Технические требования для соответствия уровням SLSA
Структура SLSA имеет определенные технические требования для разных уровней. Эти требования разделены на пять основных категорий: требования к исходному коду, требования к процессу сборки, общие требования, требования к содержимому источника и требования к созданию источника. Каждая из этих категорий требований выделена ниже.
Исходные требования
Это относится к требованиям, призванным обеспечить целостность вашего исходного кода. Соблюдение этих наборов протоколов предотвращает несанкционированный доступ и вредоносные изменения в вашем коде. Это также гарантирует, что любые гнусные действия не останутся незамеченными. Требования к исходному коду изложены в таблице ниже.
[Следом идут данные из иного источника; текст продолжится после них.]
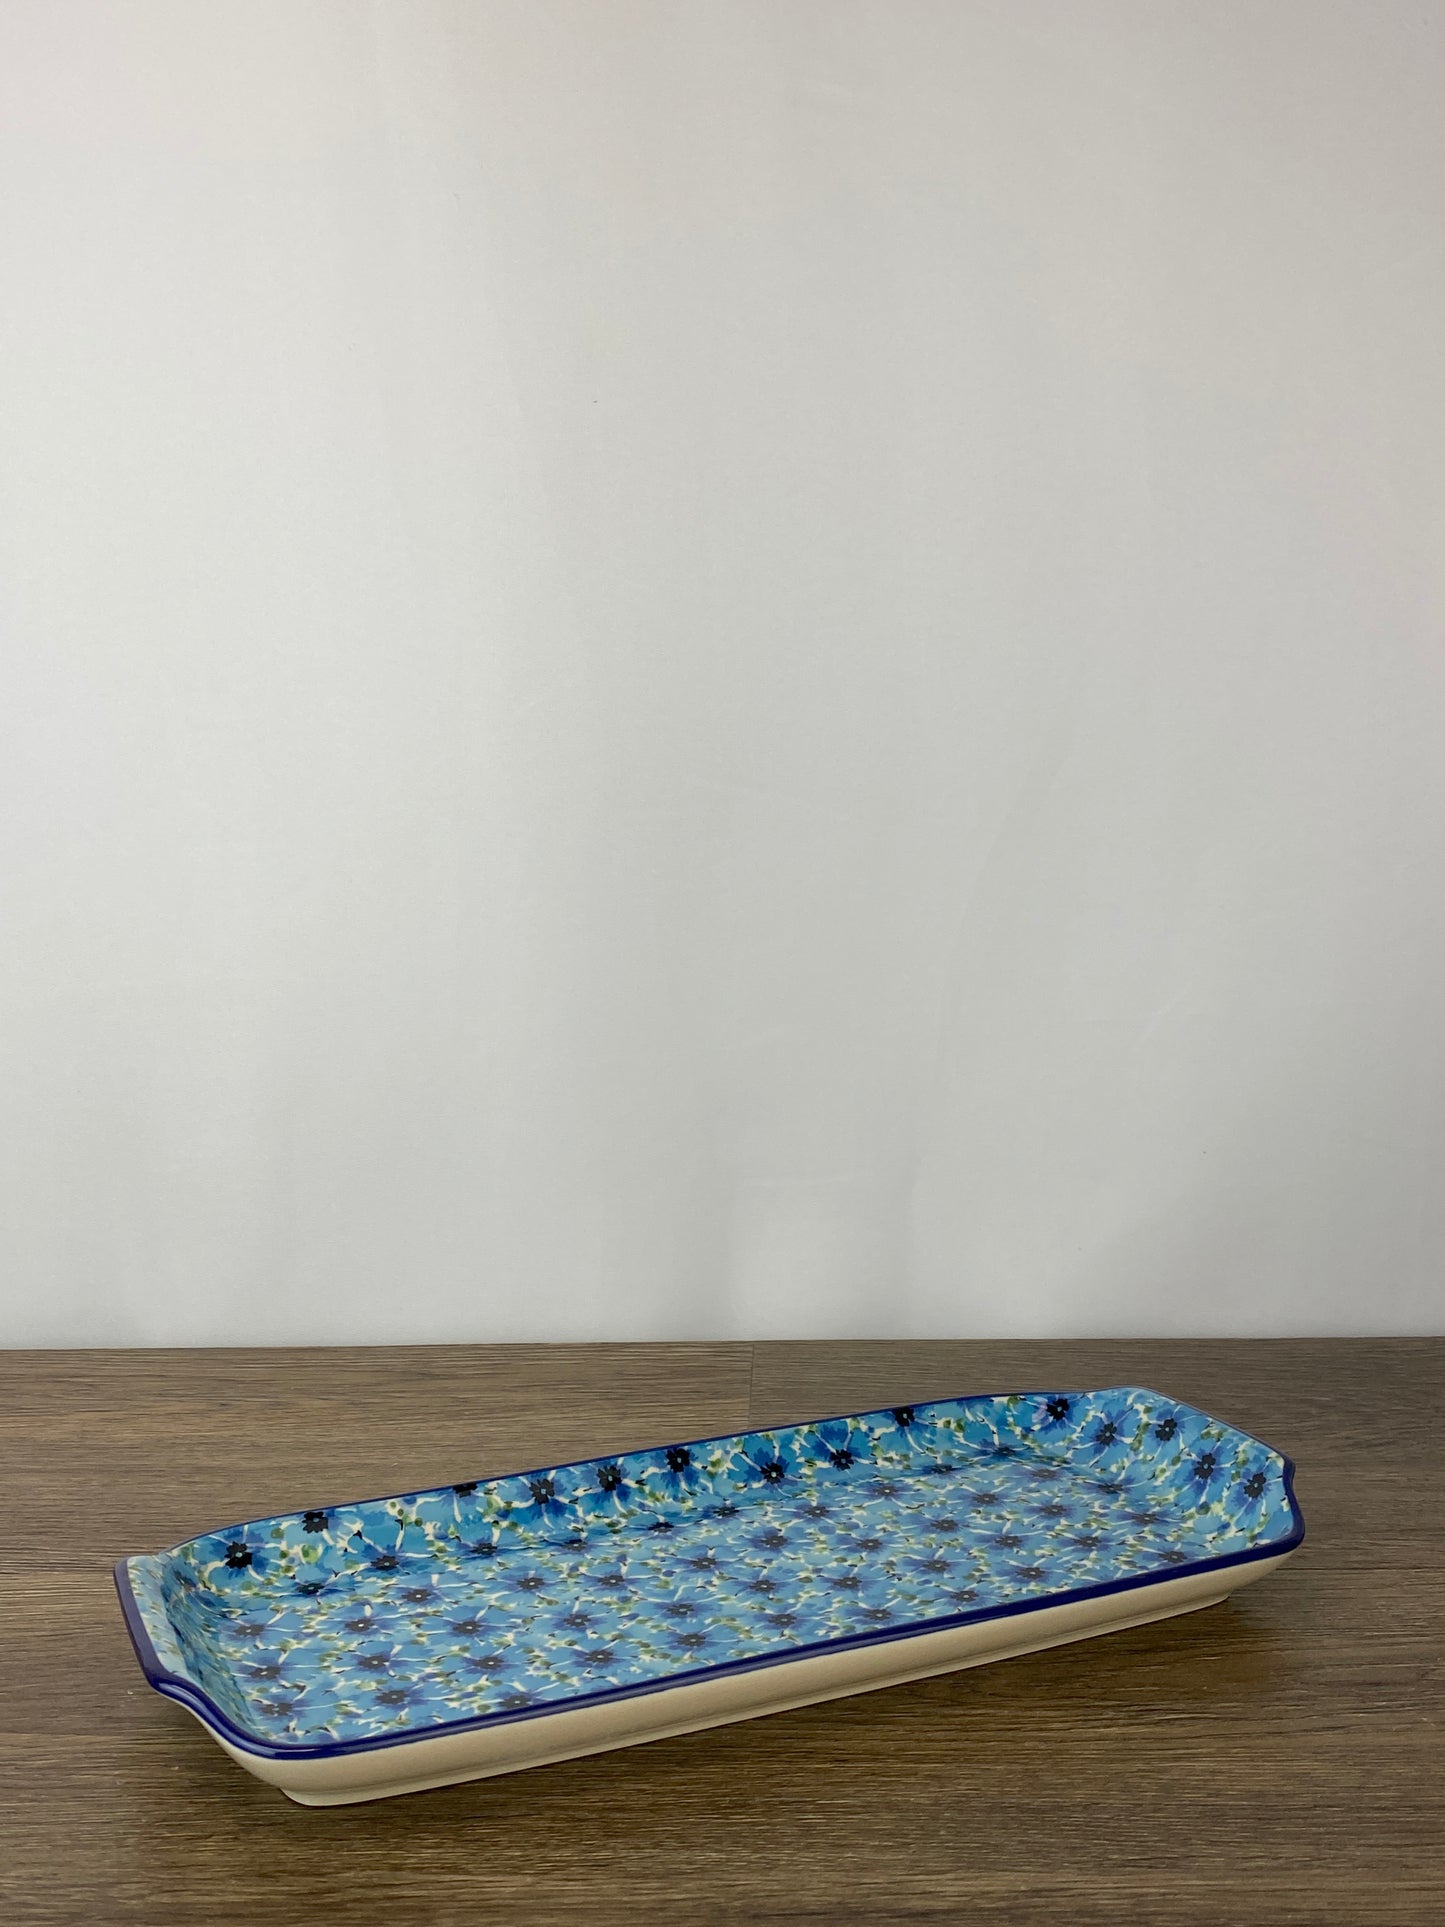 Unikat Bread Tray - Shape 410 - Pattern U4929

| Исходные требования | Описание | Уровень SLSA |
| Контроль версий | Все изменения в исходном коде должны отслеживаться. | 2 |
| Проверенная история | Должна быть записана полная история с подробным описанием того, «кто», «что» и «когда» каждой редакции версии. | 3 |
| Сохраняется на неопределенный срок | Все изменения версий и информация истории должны храниться неопределенно долго и не подлежат удалению. | 4 |
| Проверено двумя людьми | Два доверенных человека с высокой степенью аутентификации должны разрешить любое изменение версии. | 4 |
Требования к сборке
Структура SLSA выделяет требования к сборке, призванные повысить безопасность платформы сборки и поддерживать целостность процесса сборки.
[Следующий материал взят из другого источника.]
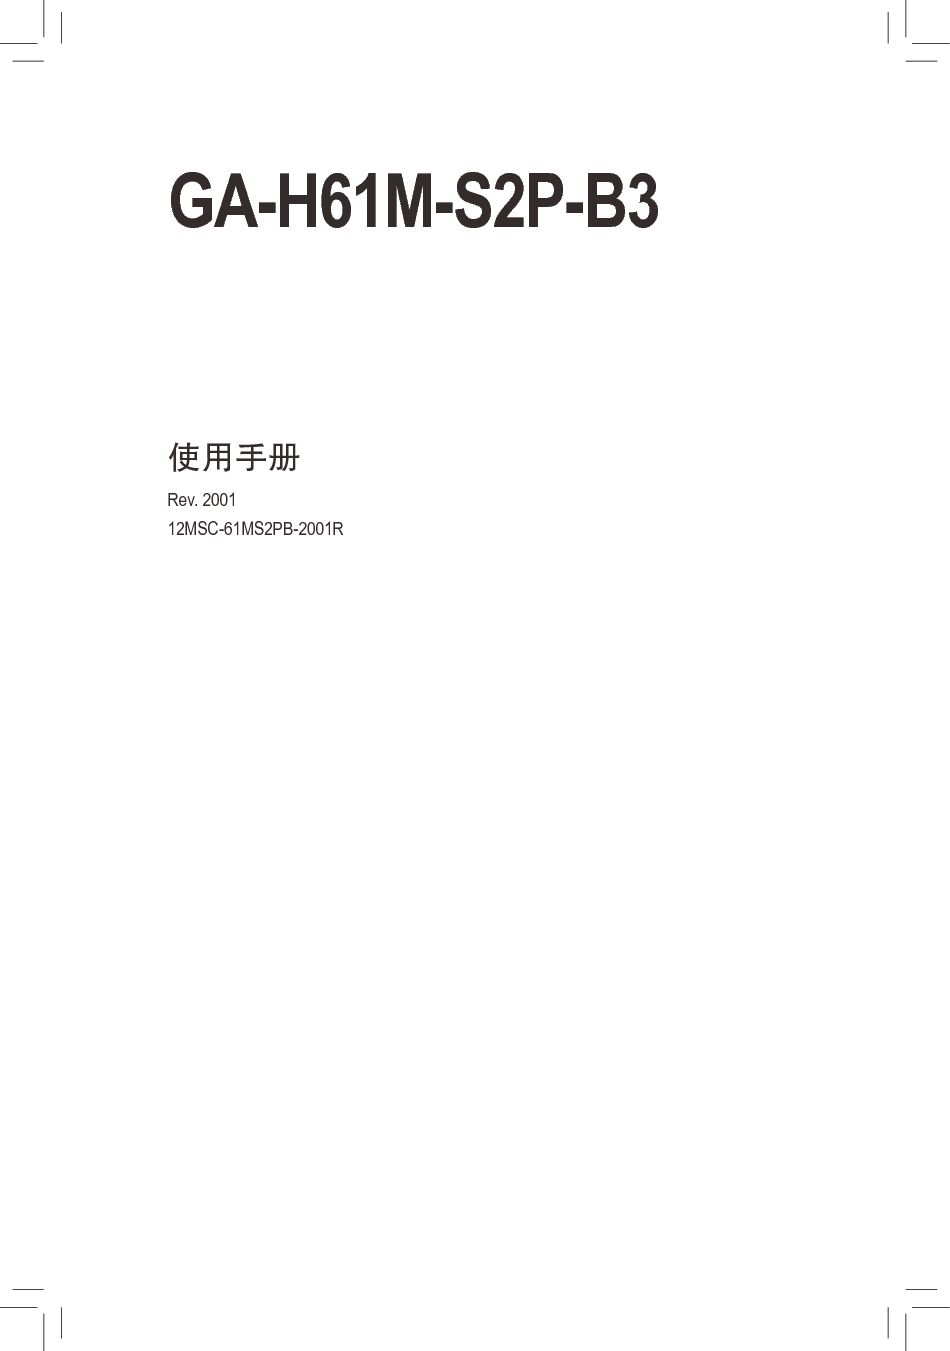 技嘉 Gigabyte GA-H61M-S2P-B3 2001版 使用手册 封面

| Требования к сборке | Описание | Уровень SLSA |
| Скриптовая сборка | Все этапы процесса сборки должны быть полностью автоматизированы. | 1 |
| Служба сборки | Все этапы процесса сборки должны выполняться в выделенной службе сборки. | 2 |
| Эфемерная и изолированная среда | Процесс сборки должен выполняться в временной среде, специально предназначенной для сборки. Эти шаги также должны выполняться в изолированной среде, свободной от других экземпляров сборки.
|
3 |
| Безпараметрический и герметичный | Процесс сборки должен полностью полагаться на сценарий сборки, а не на пользовательские параметры. Все этапы транзитивной сборки должны быть герметичными, то есть все источники и зависимости должны быть полностью объявлены заранее и вне процесса сборки. | 4 |
Требования к генерации происхождения
Эти требования предназначены для проверки источника всех компонентов программного актива. Требования к созданию происхождения указаны в таблице ниже.
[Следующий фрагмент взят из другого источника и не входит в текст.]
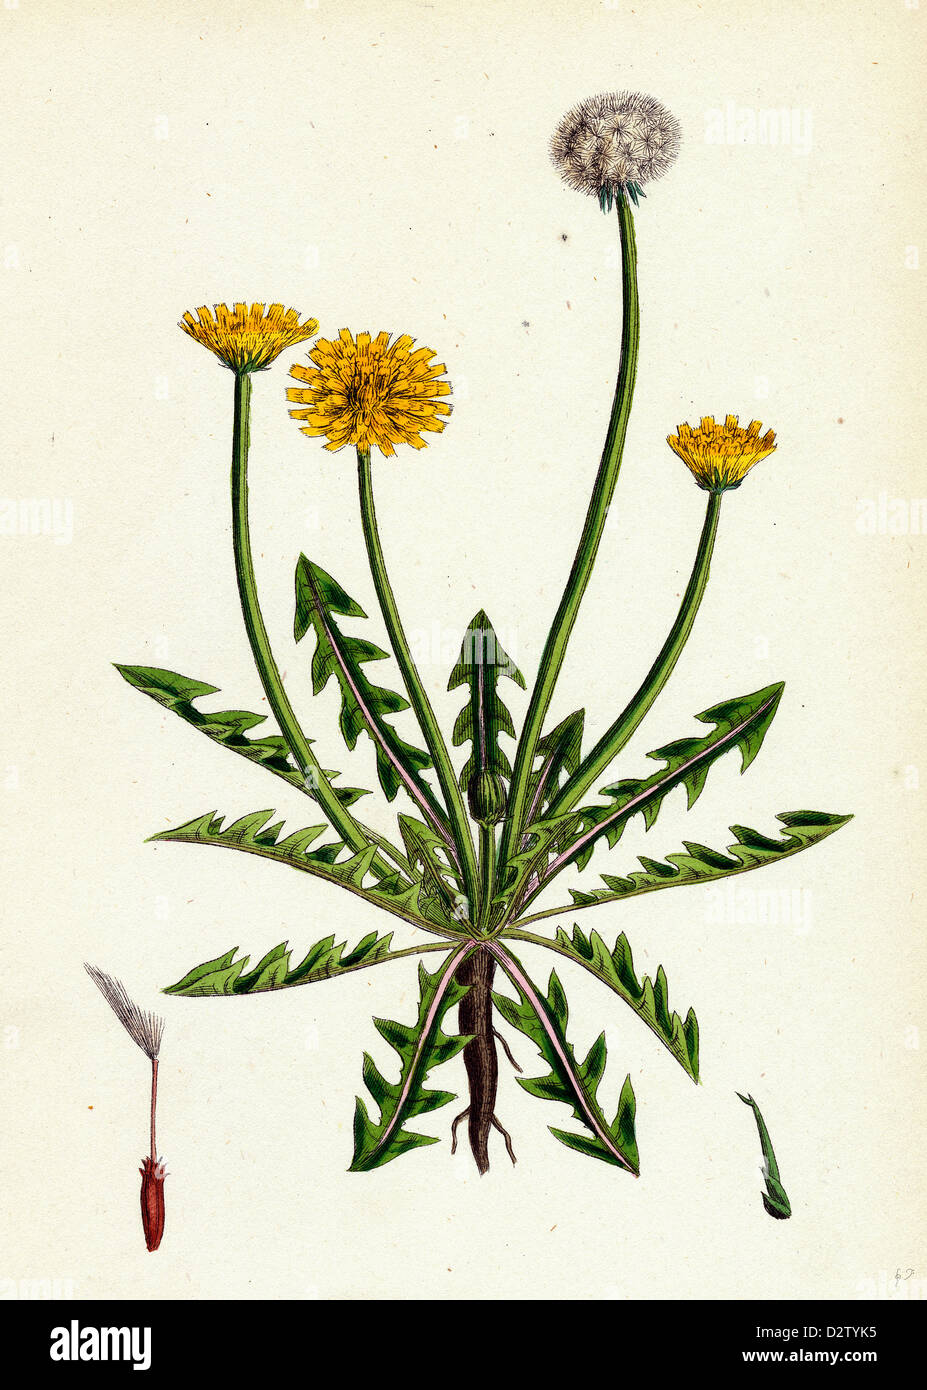 Taraxacum officinale, var. erythrospermum; Common Dandelion, var. B. Stock Photo

| Требования к генерации происхождения | Описание | Уровень SLSA |
| Доступен | Потребитель должен иметь доступ к информации о происхождении в приемлемом формате. | 1 |
| проверяемый | Потребитель должен иметь возможность проверить подлинность предоставленной информации о происхождении. | 1 |
| Созданный сервисом | Вся информация о происхождении должна быть сгенерирована службой сборки.
|
2 |
| Нефальсифицируемый | Пользователи не могут фальсифицировать данные о происхождении. | 3 |
| Полные зависимости | Данные о происхождении должны включать все зависимости, использованные на этапах сборки. | 4 |
Требования к содержанию контента
Требования к содержимому происхождения проверяют подлинность и источник всех артефактов, зависимостей и ограничений сборки, которые использовались в процессе сборки. Они выделены в таблице ниже.
| Требования к содержанию контента | Описание | Уровень SLSA |
| Идентифицирует артефакт, создателя, источник и точку входа. | ● Идентифицирует выходной артефакт
● Идентифицирует объект сборки ● Идентифицирует источник через неизменяемую ссылку ● Идентифицирует команду, которая вызвала сценарий сборки. |
1 |
| Включает все параметры сборки | Все параметры сборки должны быть определены.
|
3 |
| Включает транзитивные зависимости и воспроизводимую информацию. | ● Включает все транзитивные зависимости
● Если сборка воспроизводима, необходимо предоставить всю информацию, необходимую для ее воспроизведения.
|
4 |
| Включает метаданные | Все метаданные должны быть включены для облегчения расследования. | 0 |
Общие требования
Общие требования применяются к программным артефактам на уровне SLSA 4. Ожидается, что каждый доверенный артефакт будет соответствовать этим требованиям. Они включают базовые требования безопасности и журналы, в которых подробно описывается весь физический и удаленный доступ. Общие требования также предусматривают небольшое количество администраторов платформы, которые могут игнорировать положения документации SLSA.